9. A liveness detection device, characterized in that, The device includes: The data acquisition module is used to acquire historical behavior data of objects in the application. A time determination module is used to statistically analyze the time interval of the behavior distribution corresponding to the historical behavior data, and determine the time interval of the behavior distribution as the delivery time of the push message; the time determination module is specifically used to: determine a first quantity of delivery time, compare the first quantity with a preset target quantity, the target quantity being the number of push messages delivered within a first preset time period; process the delivery time according to the comparison result to obtain the target delivery time; including: when the comparison result is that the first quantity is less than the preset target quantity, obtaining the object information of the object; for each target object information in the pre-stored target object information set, determining the target object information The similarity between the target information and the target object information is determined; if the similarity is greater than or equal to a preset similarity threshold, the target object's historical behavior data on the application corresponding to the target object information is obtained; a corresponding set of time intervals is determined based on the target historical behavior data; a second number of time intervals in the set of time intervals is determined; the first number and the second number are summed to obtain a total number; the total number is compared with the target number; if the total number is equal to the target number, the delivery time is increased based on the set of time intervals to obtain an increased delivery time; the increased delivery time is determined as the target delivery time.

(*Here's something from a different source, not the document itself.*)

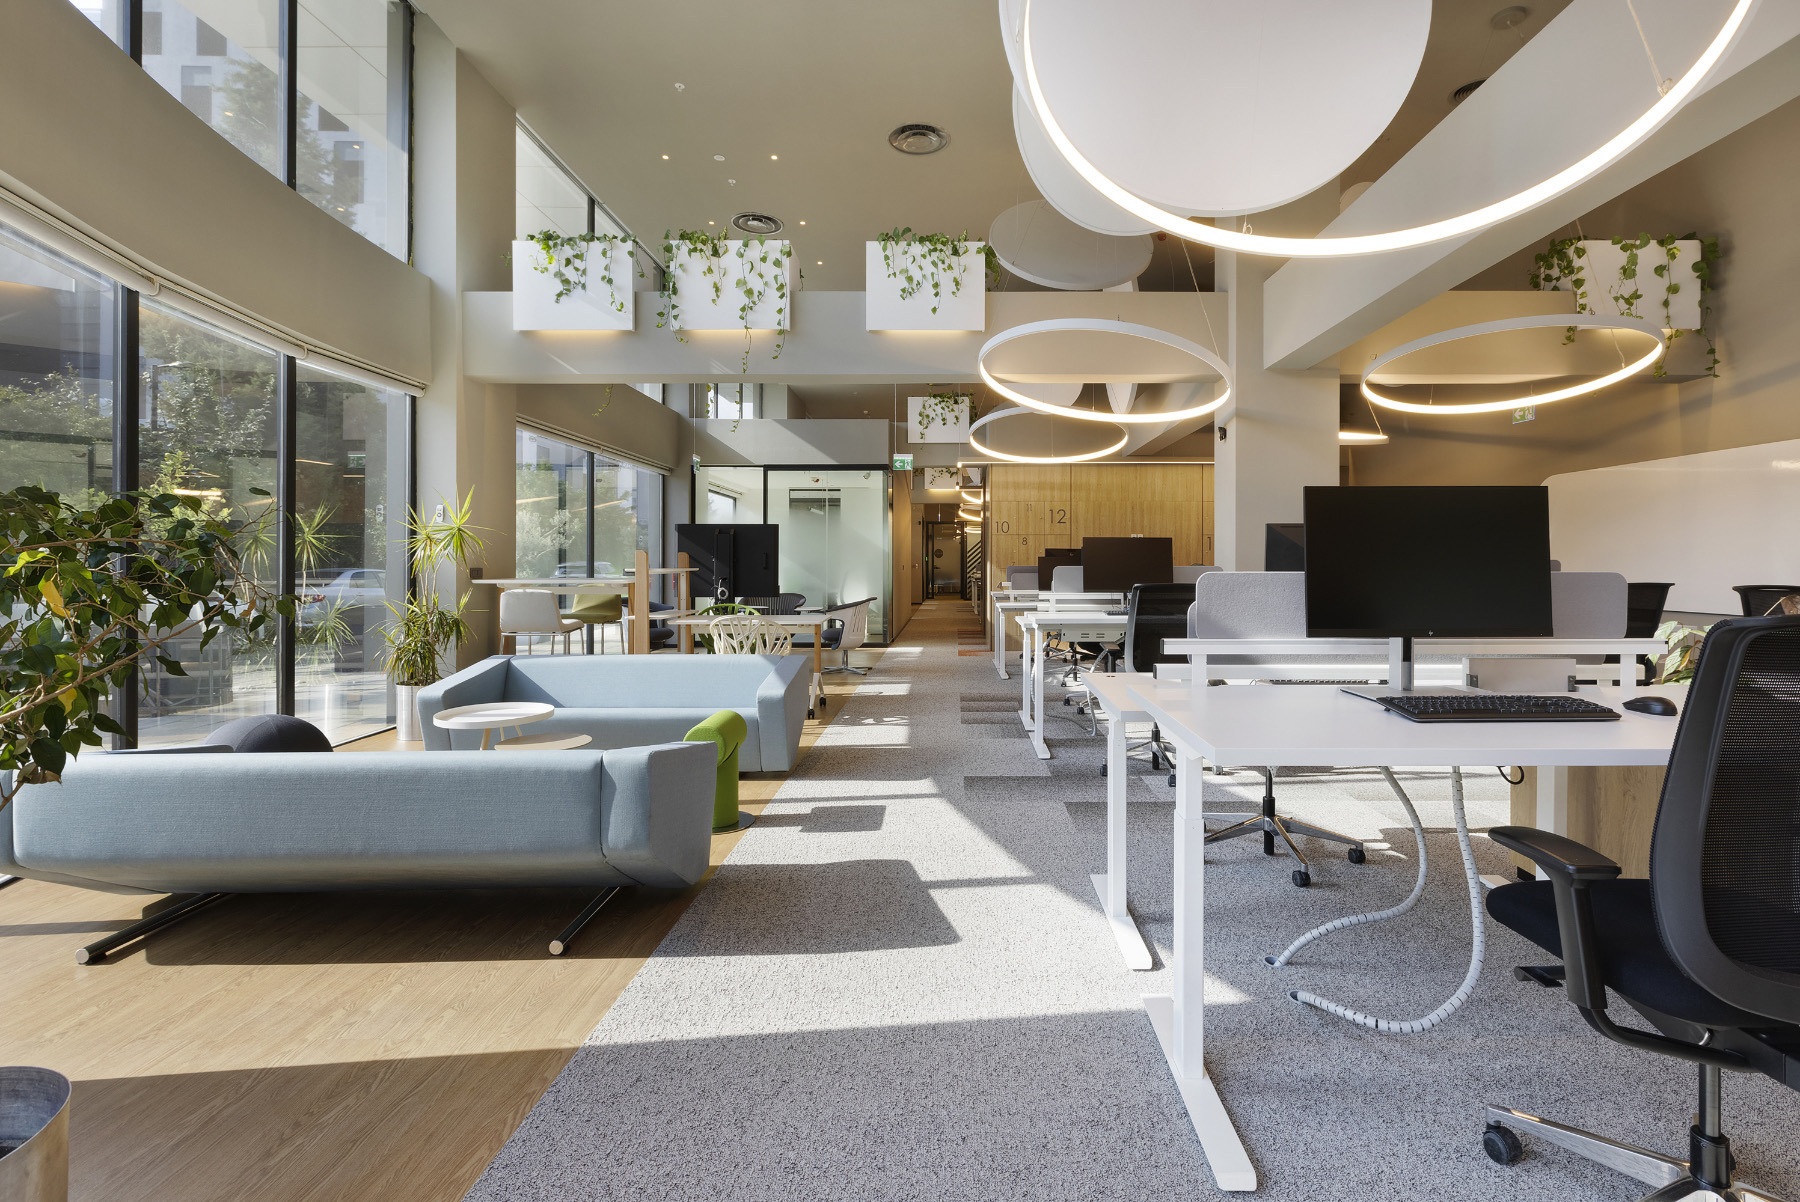 A Look Inside BASF’s New Izmir Office

The message delivery module is used to deliver the push message to the application within the delivery time, so that the object can perform an operation based on the push message displayed by the application; An activity determination module is used to determine the activity level of the object on the application based on operation information, wherein the operation information is generated by the object performing an operation on the push message.
10. An electronic device, characterized in that, include: A processor and a memory, the processor being configured to execute a liveness detection program stored in the memory to implement the liveness detection method according to any one of claims 1 to 8.
11. A storage medium, characterized in that, The storage medium stores one or more programs, which can be executed by one or more processors to implement the liveness detection method according to any one of claims 1 to 8.